Debt accumulation has been responsible for two economic crises in developing countries and for the global financial crisis of 2008 that followed the third wave. Fears of a fourth wave of such accumulation have mounted after the rise in loans by seven per cent annually before the outbreak of Covid-19 and their recent increase by nine per cent, according to the recently released World Bank’s Global Economic Prospects report.

The pandemic hit as the Arab countries, with a few exceptions, were suffering from the repercussions of a lost decade of development due to low growth rates and a retreat of public and private investments and exports. Moreover, a number of Arab countries have been mired in domestic conflicts and tensions. For these and other reasons the region has been the only area in the world where extreme poverty has been on the rise.

The Middle East and North Africa region, which includes the majority of Arab countries, experienced an economic downturn of about five per cent last year, which will not be compensated for by limited growth of about two per cent this year. The situation requires setting out public-spending priorities to support the response to the pandemic, strengthening social security systems, and driving up vital public investments to pave the way for private domestic and foreign investments to generate job opportunities.

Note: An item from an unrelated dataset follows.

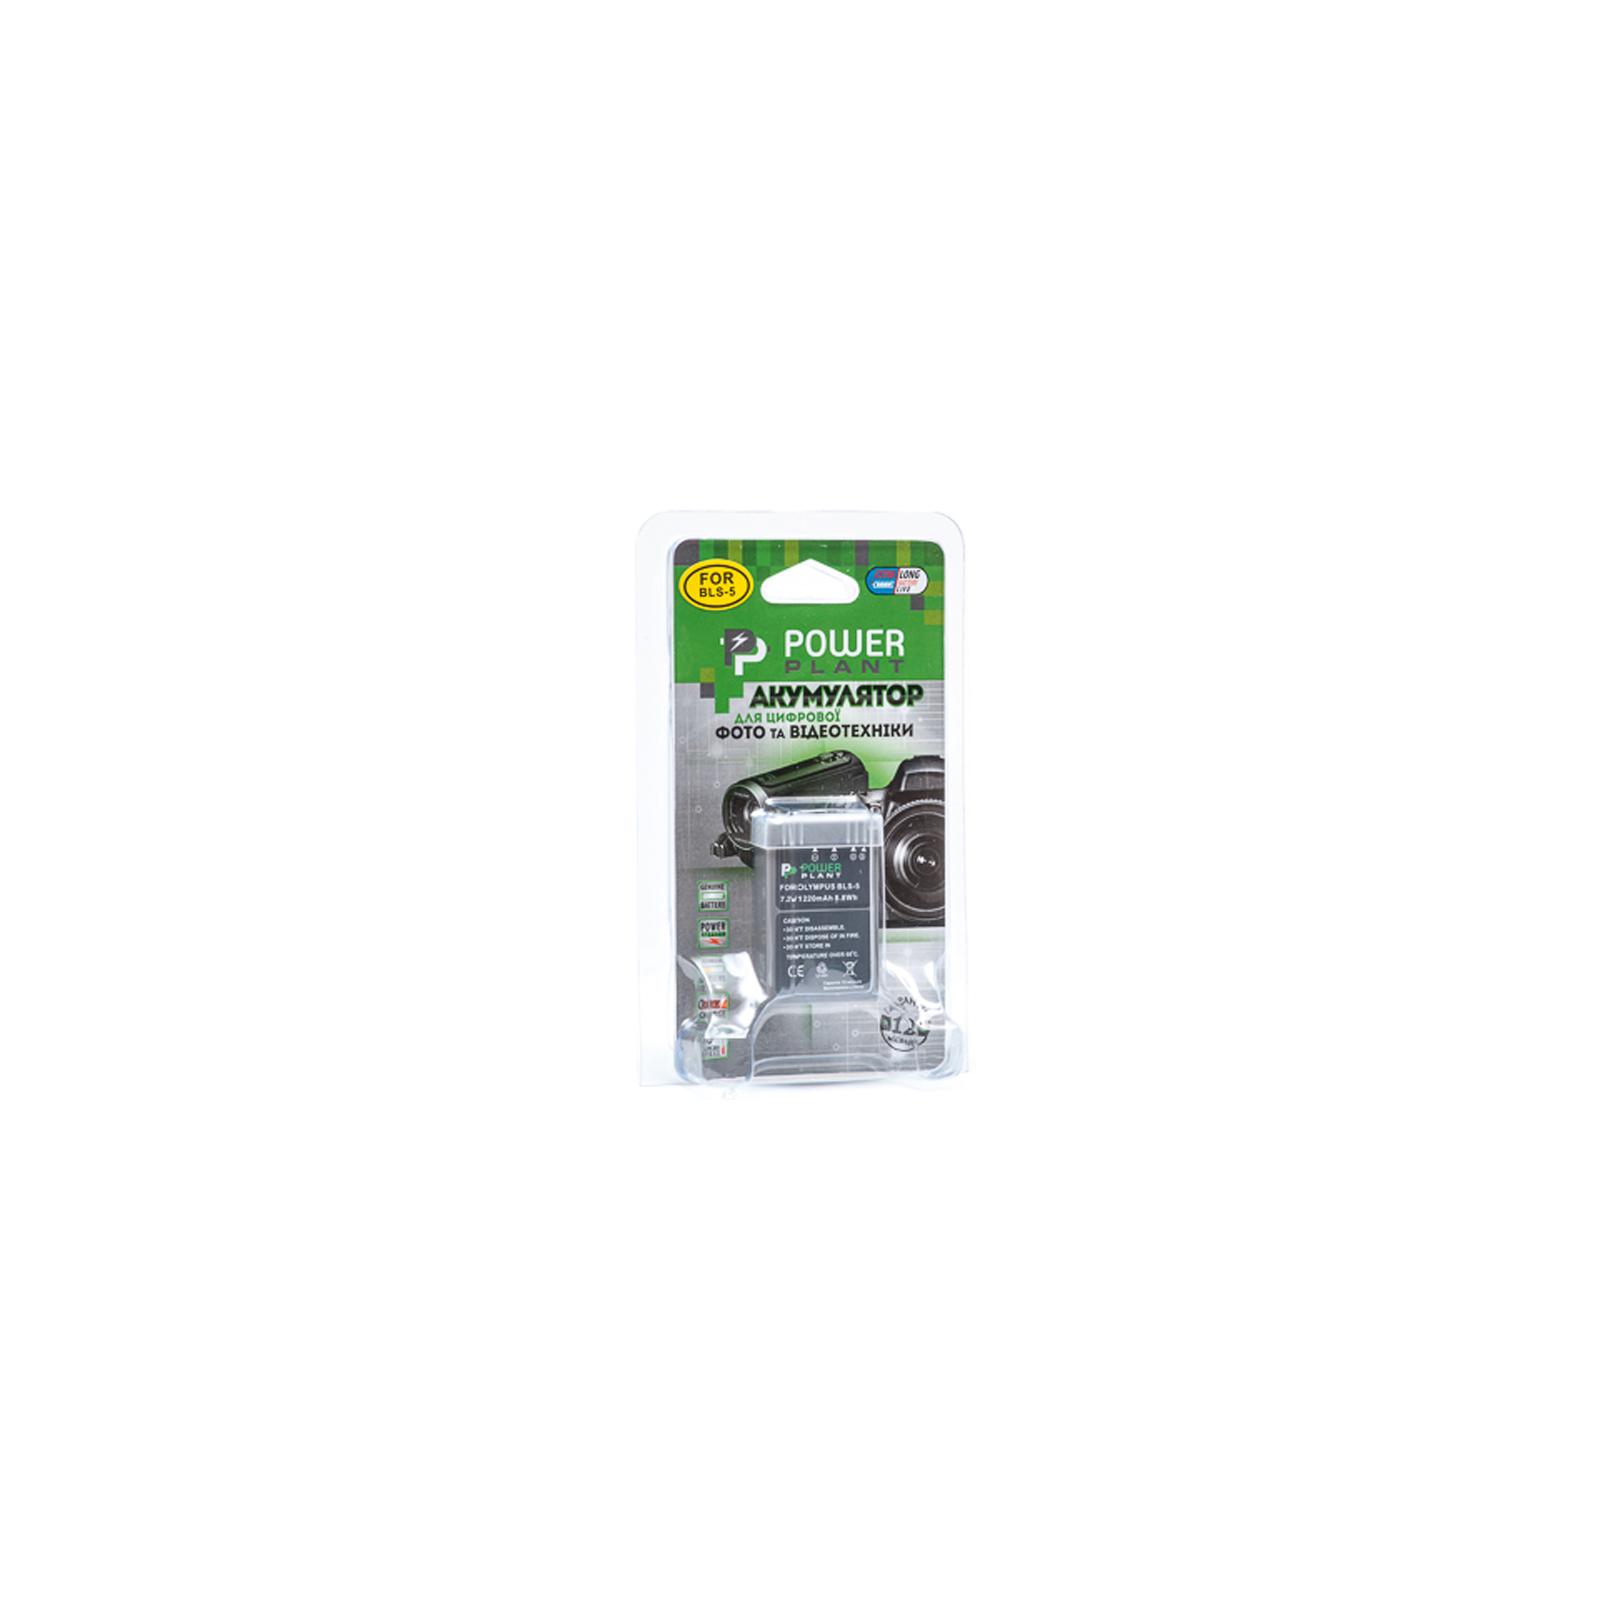 Аккумулятор к фото/видео PowerPlant Olympus PS-BLS5 (DV00DV1287) изображение 3

If public investments in developed countries and emerging markets by one per cent of GDP increase private investments by about 10 per cent, thereby increasing growth and employment opportunities, then such investments should be directed towards stimulating economic activity at a time when it is feared that a global economic slump could turn into a lingering recession as demand continues to decline in the light of the repercussions of the pandemic.

Sustainable investments compatible with the need to protect the environment and that do not exacerbate climate change, and smart investments that drive competitiveness in the digital age, have a positive impact on the general public and the economy. Such vital investments are “the ounce of prevention” that to the economy and its future are “worth a pound of cure.”

*The writer is an economist. An Arabic version of this article appeared on wednesday in Asharq Al-Awsat.

*A version of this article appears in print in the 14 January, 2021 edition of Al-Ahram Weekly.